[Opening AVAILABLE DATA section]
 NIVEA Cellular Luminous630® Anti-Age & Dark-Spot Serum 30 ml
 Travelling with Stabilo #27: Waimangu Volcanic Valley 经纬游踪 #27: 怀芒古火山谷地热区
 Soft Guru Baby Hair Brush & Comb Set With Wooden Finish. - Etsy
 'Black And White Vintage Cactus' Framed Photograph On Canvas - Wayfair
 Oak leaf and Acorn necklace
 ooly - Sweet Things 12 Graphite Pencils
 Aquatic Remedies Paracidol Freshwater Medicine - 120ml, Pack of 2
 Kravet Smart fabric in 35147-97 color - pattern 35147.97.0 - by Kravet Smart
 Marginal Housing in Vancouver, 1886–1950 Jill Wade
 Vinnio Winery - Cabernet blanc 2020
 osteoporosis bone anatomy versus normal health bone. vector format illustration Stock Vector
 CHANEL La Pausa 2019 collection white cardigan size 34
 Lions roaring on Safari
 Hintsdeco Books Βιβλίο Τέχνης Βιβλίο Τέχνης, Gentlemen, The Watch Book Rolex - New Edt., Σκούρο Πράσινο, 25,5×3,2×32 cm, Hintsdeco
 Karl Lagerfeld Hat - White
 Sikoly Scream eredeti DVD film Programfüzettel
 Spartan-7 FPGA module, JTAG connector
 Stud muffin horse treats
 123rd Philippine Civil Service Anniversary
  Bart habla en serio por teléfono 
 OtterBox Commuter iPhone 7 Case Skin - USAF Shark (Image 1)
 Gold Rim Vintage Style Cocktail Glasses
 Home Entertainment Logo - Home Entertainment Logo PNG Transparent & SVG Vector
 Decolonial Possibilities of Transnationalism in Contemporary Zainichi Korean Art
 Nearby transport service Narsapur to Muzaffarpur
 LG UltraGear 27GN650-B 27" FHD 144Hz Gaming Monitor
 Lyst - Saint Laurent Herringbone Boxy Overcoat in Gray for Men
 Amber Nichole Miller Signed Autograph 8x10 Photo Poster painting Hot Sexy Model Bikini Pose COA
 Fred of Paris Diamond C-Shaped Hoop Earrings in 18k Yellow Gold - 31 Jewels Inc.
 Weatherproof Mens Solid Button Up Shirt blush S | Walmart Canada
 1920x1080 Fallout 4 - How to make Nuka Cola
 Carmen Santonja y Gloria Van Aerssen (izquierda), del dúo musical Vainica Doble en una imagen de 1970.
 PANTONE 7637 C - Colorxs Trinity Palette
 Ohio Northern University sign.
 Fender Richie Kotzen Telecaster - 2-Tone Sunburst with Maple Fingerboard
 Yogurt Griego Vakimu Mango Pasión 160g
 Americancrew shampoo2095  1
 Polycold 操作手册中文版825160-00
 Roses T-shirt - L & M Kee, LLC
[Closing AVAILABLE DATA section]
WHAT NEEDS TO BE DONE:
Copy every line above that includes the string "Vector".

ANSWER:
 osteoporosis bone anatomy versus normal health bone. vector format illustration Stock Vector
 Home Entertainment Logo - Home Entertainment Logo PNG Transparent & SVG Vector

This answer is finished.